A multi-institution phase II study of gemcitabine/cisplatin/S-1 (GCS) combination chemotherapy for patients with advanced biliary tract cancer (KHBO 1002)

Gemcitabine/cisplatin combination therapy has been the standard palliative chemotherapy for patients with advanced biliary tract cancer (BTC). We aimed to evaluate the efficacy and safety of adding S-1 to gemcitabine/cisplatin combination therapy for patients with advanced BTC. Patients with histologically or cytologically confirmed unresectable or recurrent BTC were eligible for inclusion. The primary end point was overall survival. Based on the results of our preceding phase I study, gemcitabine and cisplatin were administered intravenously at doses of 1,000 or 25 mg/m(2), respectively, on day 1, and oral S-1 was administered daily at a dose of 80 mg/m(2) on days 1-7 every 2 weeks.

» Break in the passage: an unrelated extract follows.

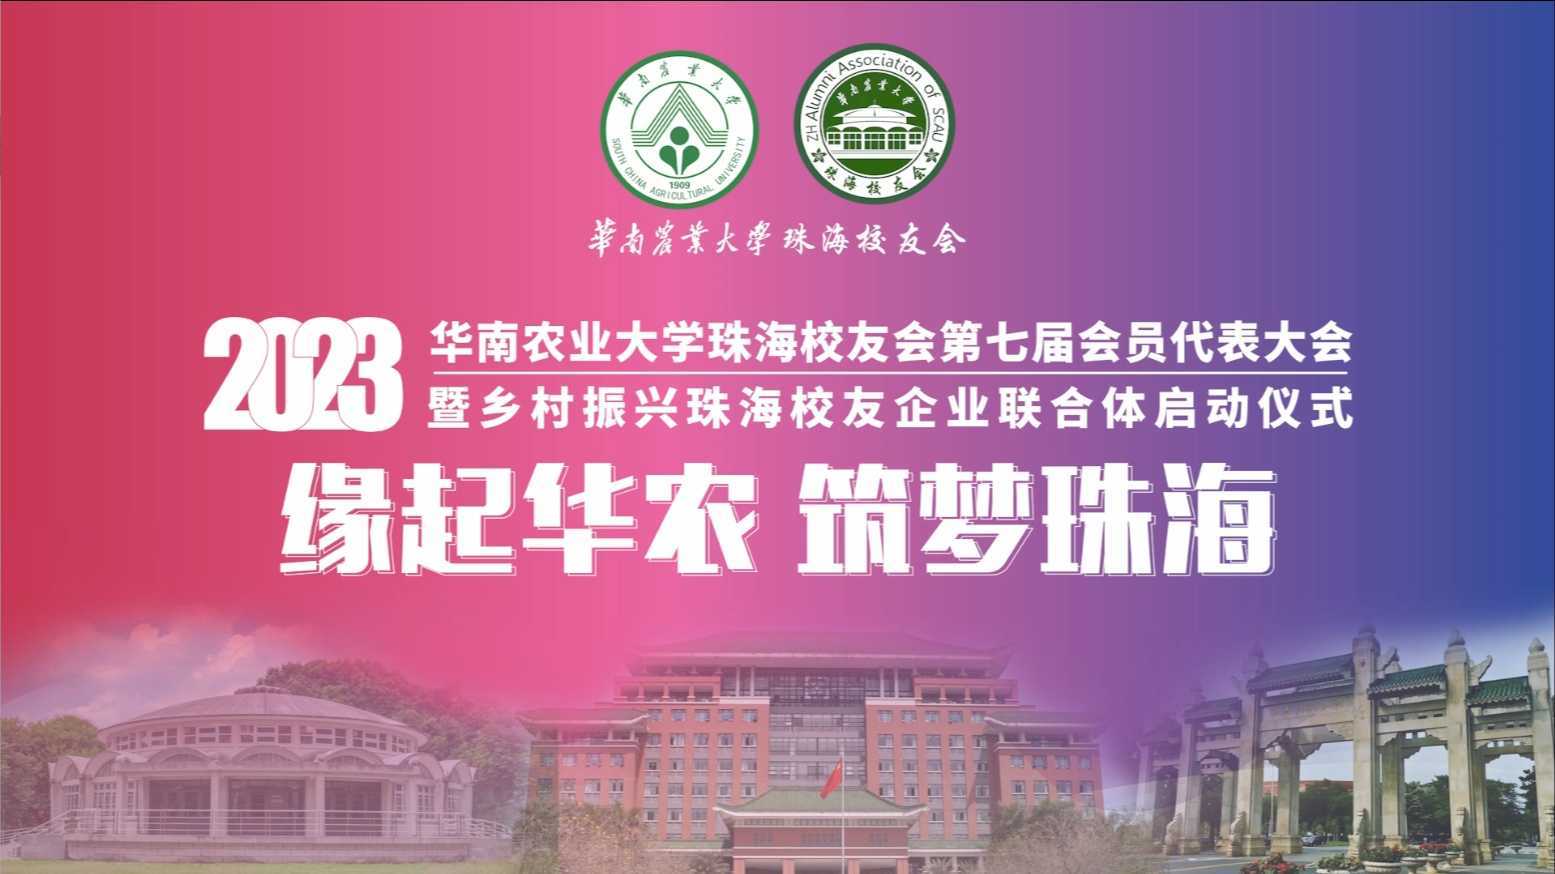 华南农业大学珠海校友会第七届会员代表大会花絮

This study was registered with ClinicalTrials.gov (NCT01284413) and the UMIN Clinical Trials Registry (ID 000004468). Fifty patients enrolled between October 2011 and August 2012 were evaluated. After a median follow-up of 15.1 months (range 2.4-24.4 months), the median overall survival time was 16.2 months [95 % confidence interval (CI) 10.2-22.2 months], and the one-year overall survival rate was 59.9 % (95 % CI 46.2-73.5 %). The grade 3-4 hematological toxicities were as follows: neutropenia (32 %), anemia (32 %), thrombocytopenia (10 %), and febrile neutropenia (4 %). The common grade 3-4 non-hematological toxicities were biliary tract infection (14 %), anorexia/nausea (10 %), and fatigue (8 %). Gemcitabine/cisplatin/S-1 combination chemotherapy offered a promising survival benefit with manageable toxicity in patients with advanced BTC. A randomized phase III trial to investigate the efficacy of this regimen compared to gemcitabine/cisplatin combination therapy in patients with advanced BTC is now underway (UMIN000014371/NCT02182778).